I felt complete and total guilt. I got myself to a priest and confessed but it has been a complete mess ever since. I got STD tested a few weeks after the incident and everything came back negative except the herpes simplex 2 virus results which gave them a false positive. These blood test are notorious for these types of results and I was advised against taking this again by my regular doctor. She told me if I had an outbreak that I should then come to the dr and have that swabbed and that would give me an actual accurate result. I’ve been living in anxiety though I know Jesus has forgiven me. I have not told my husband and I have not slept with him in months as I wanted to be sure that all was okay as far as STD’s go. Things are most definitely not all okay. In the past two months I have decided I will never drink again, . . .

I’ve been in such despair. I’ve been praying the rosary and trying so very hard to pray that things will be okay. . . .
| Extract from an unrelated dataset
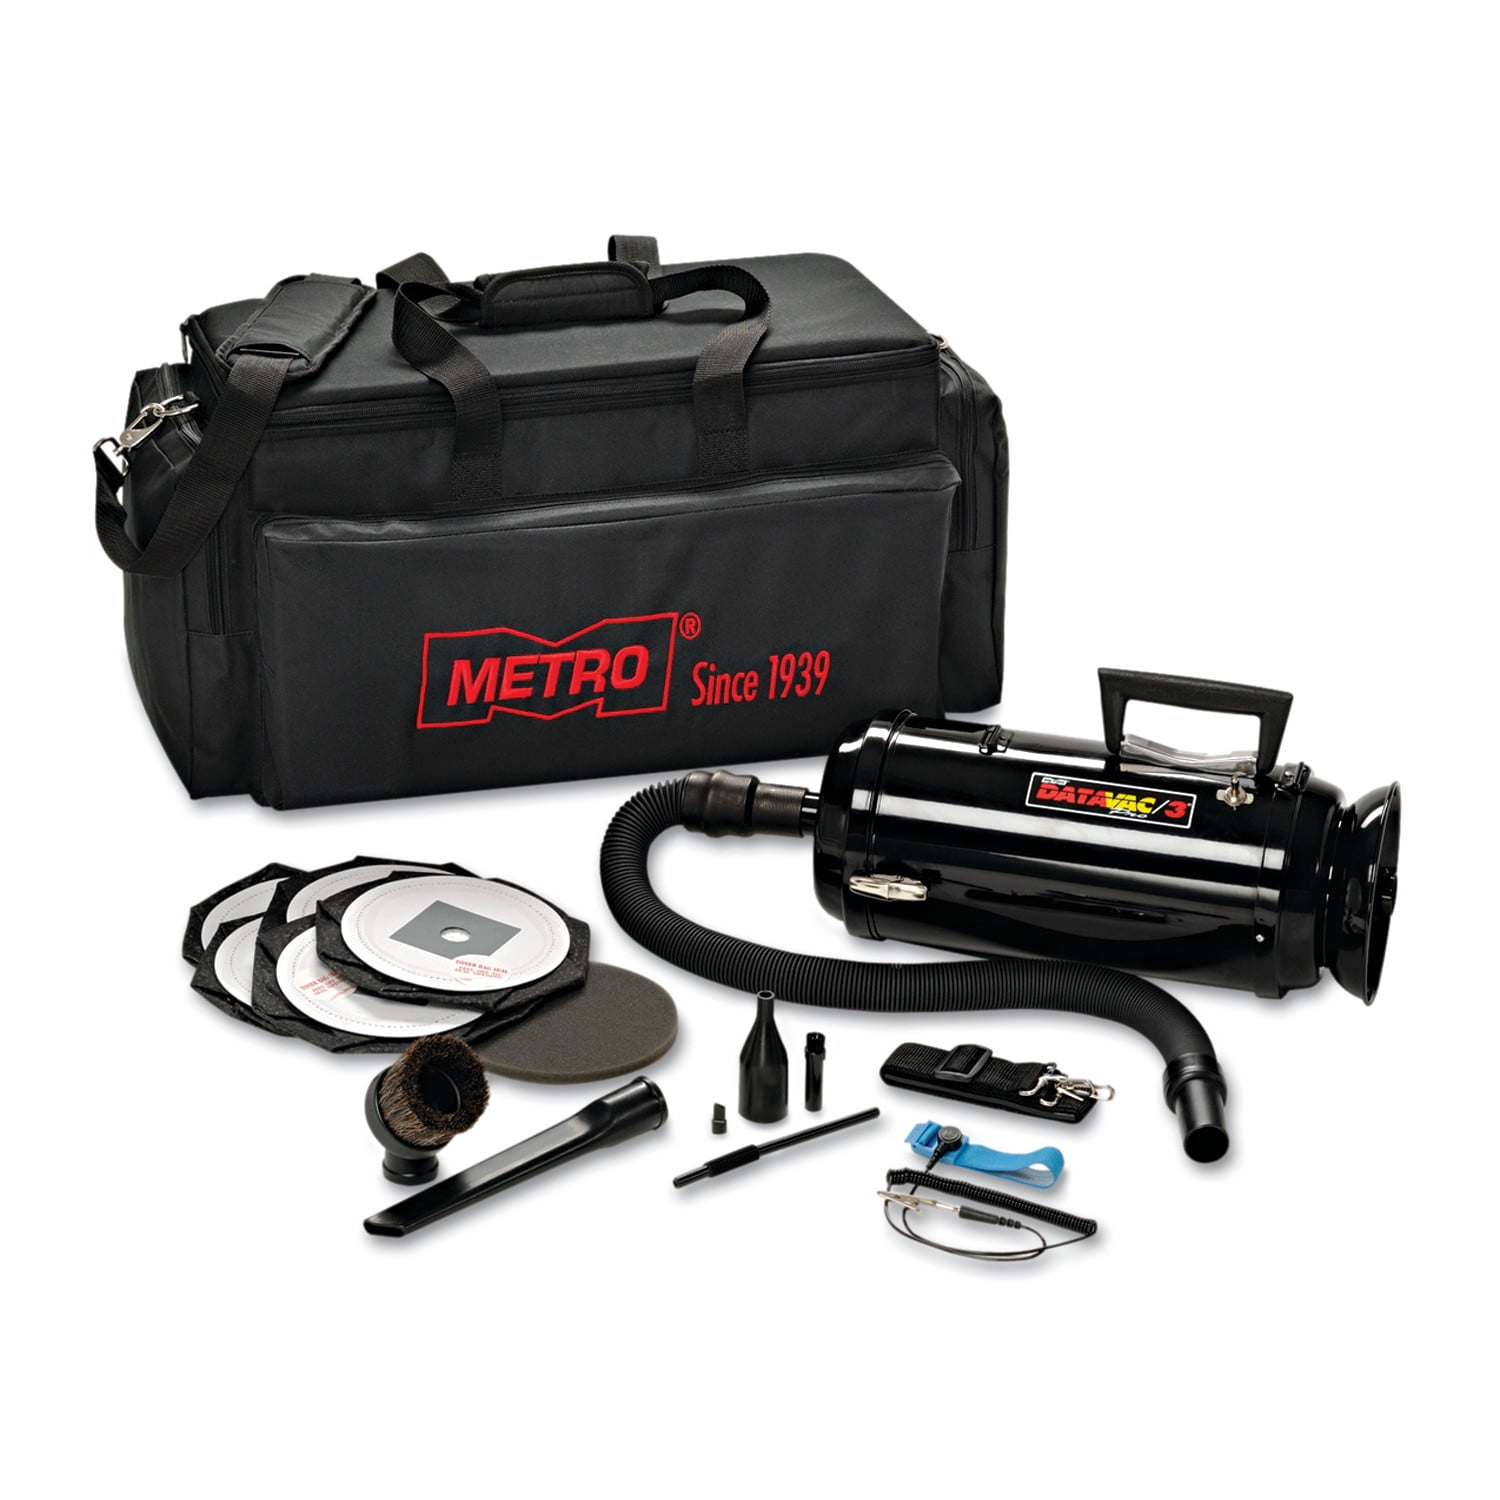 Metro Vac Anti-Static Vacuum/Blower Includes Storage Case Hepa & Dust Off Tools Product Category Office Equipment Cleaners/Electronics Equipment Cleaners Datavac
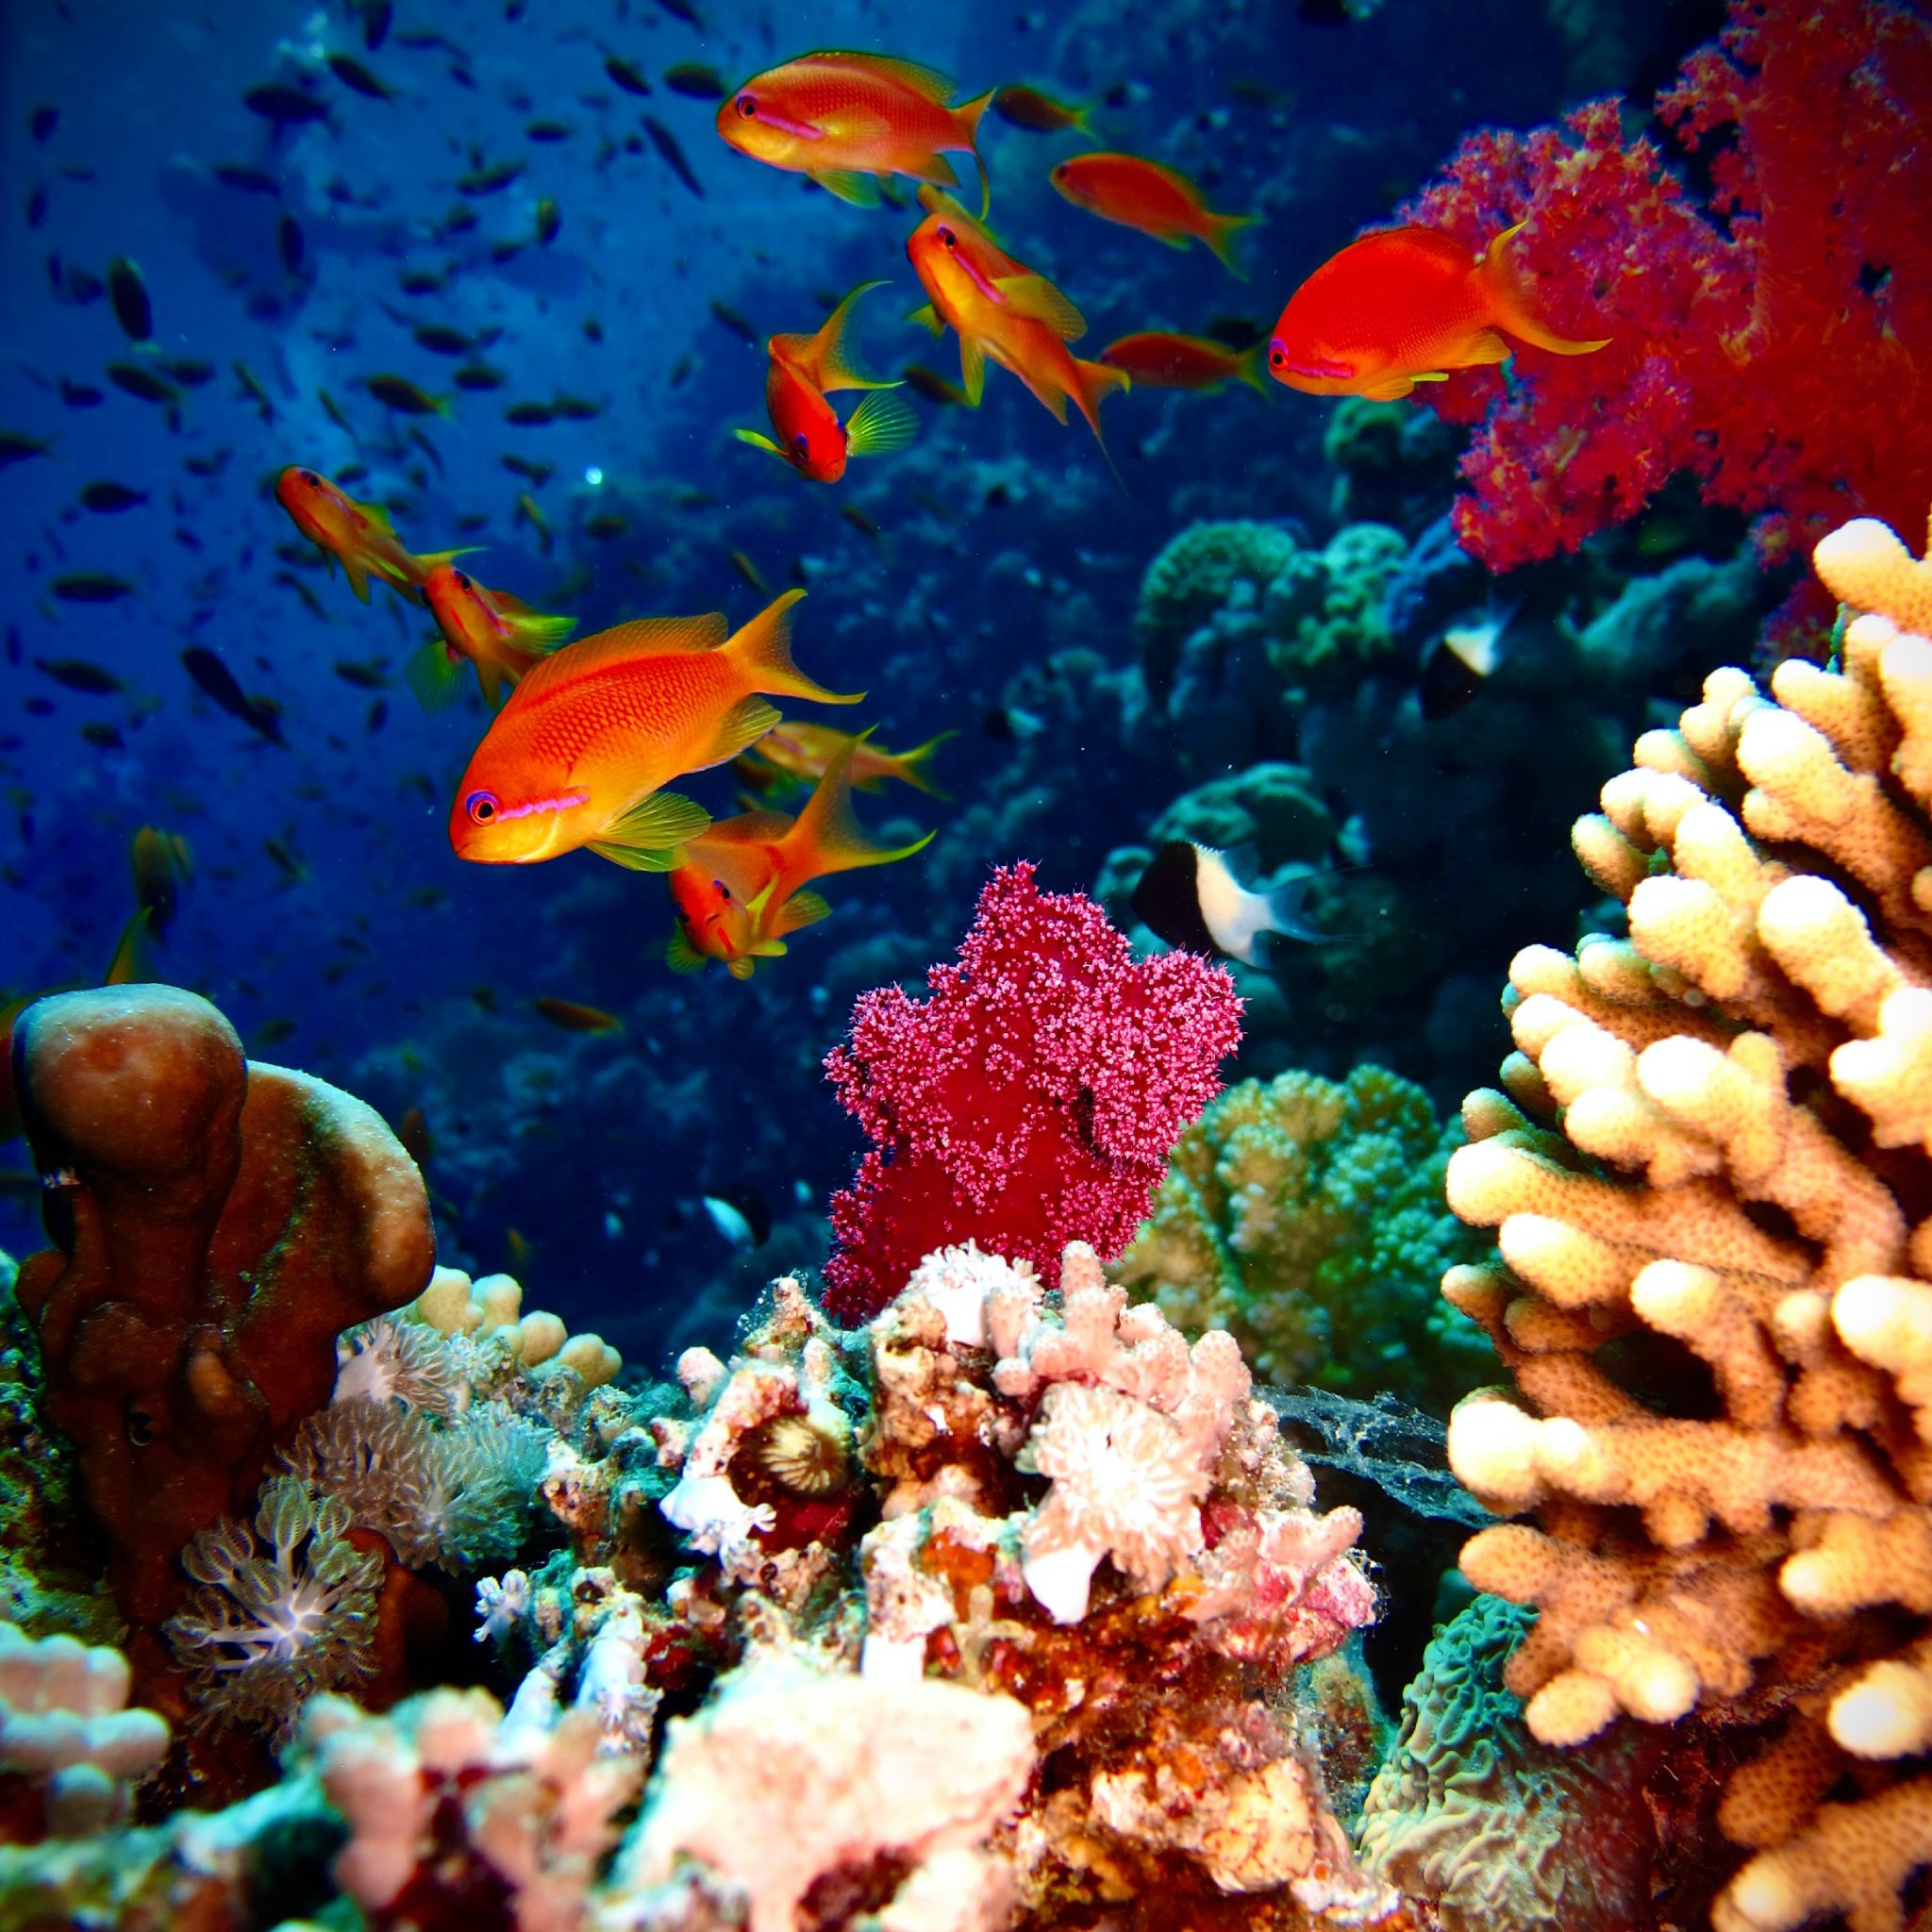 Best diving spots in the world with orange fishes and corals in the sea.

I’m begging if you could please pray for me, my husband, and our child. I know the Dr. is saying he doesn’t think it is but I just have this horrible feeling that it very well could be. I struggle with debilitating depression and anxiety on the regular and I am so regretful of this horrible decision I made. I know my husband will stay with me no matter what which makes me even guiltier. He is an incredibly good man and will stand by me no matter what. I just don’t know what else I can do. I’m trying to right my wrongs but I’ve gotten myself in a hole that I can’t get out of. Please pray that all is negative and I can move on and better our lives in every way possible for the Lord.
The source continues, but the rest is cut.